Dorothy Patrick Davis
De Forest Kelley
Paul S. Fox
Harry M. Leonard
Walter M. Scott
E. Clayton Ward
Lyle R. Wheeler
Darryl F. Zanuck
According to materials contained in Twentieth Century-Fox Records of the Legal Department and Produced Scripts Collection at the UCLA Arts-Special Collections Library, Fox paid $75,000 for the rights to Hamilton Basso's novel. When the studio's purchase of the film rights was announced in an November 8, 1954 Hollywood Reporter news item, Julian Blaustein was listed as the film's producer. The studio originally wanted Gregory Peck to play "Anson"; Jean Simmons, Maggie McNamara or June Allyson to portray "Dinah"; Basil Ruysdael to play "Garvin"; and Eva LeGallienne or Ethel Barrymore to portray "Lucy," according to materials in the Fox files. The View from Pompey's Head marked the motion picture debut of child actress Evelyn Rudie, who portrayed "Cecily Higgins."

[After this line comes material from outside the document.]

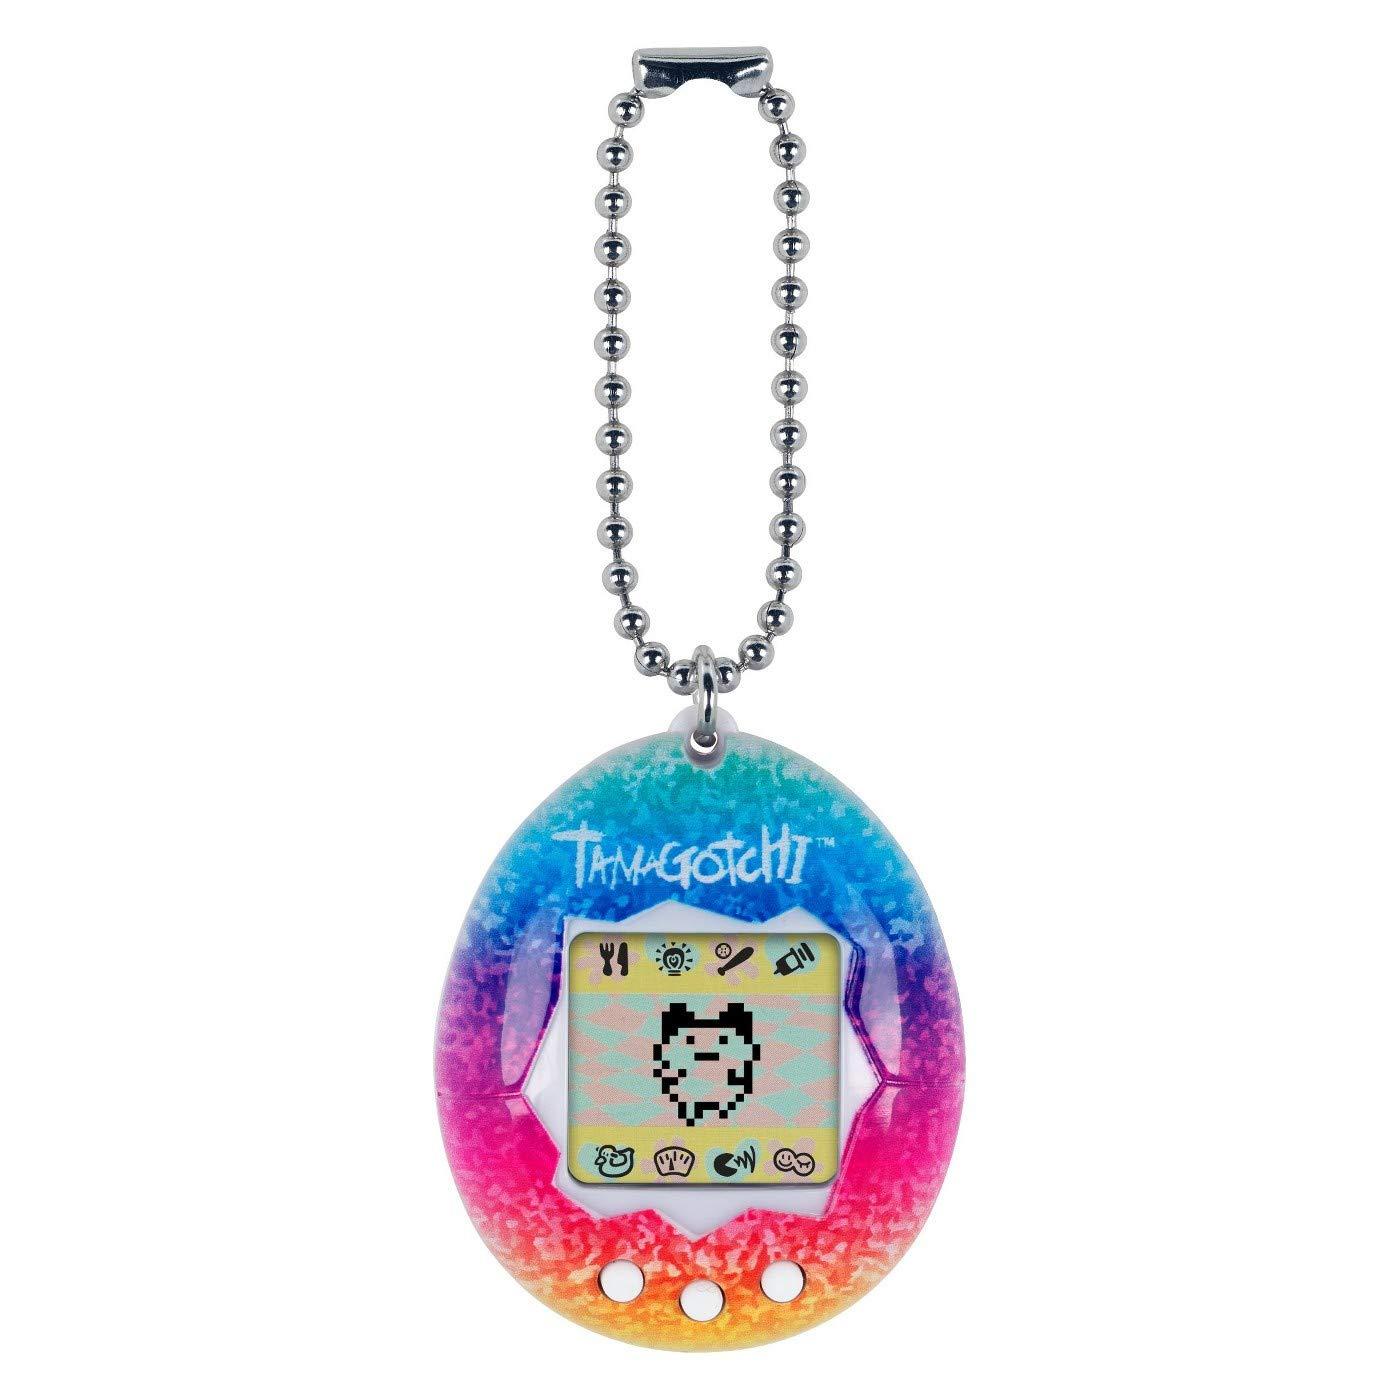 Tamagotchi Electronic Game, Rainbow by Tamagotchi (Image #1)

Although publicity materials contained in the AMPAS Library files note that silent film stars Cleo Ridgely, Dorothy Phillips, Lulu Betz, Helen Foster and Anne Cornwall were added to the cast, and that Maria Cimarusti played "Dinah" and "Mickey's" sixteen-month-old child, their participation in the released film has not been confirmed. Hollywood Reporter news items include Sandra Ross, Seletha Huff and band leader Benny Carter in the cast, but their appearance in the completed picture has not been confirmed.
Publicity materials and Hollywood Reporter news items reveal that the film was partially shot on location around Brunswick and Savannah, GA. Brunswick's Ogelthorpe Hotel served as the Marlborough Hotel and the 18th-century plantation Wormsloe provided the exterior of "Mulberry." The beach scenes were shot at Jekyll Island, Sea Island and St. Simmons Island.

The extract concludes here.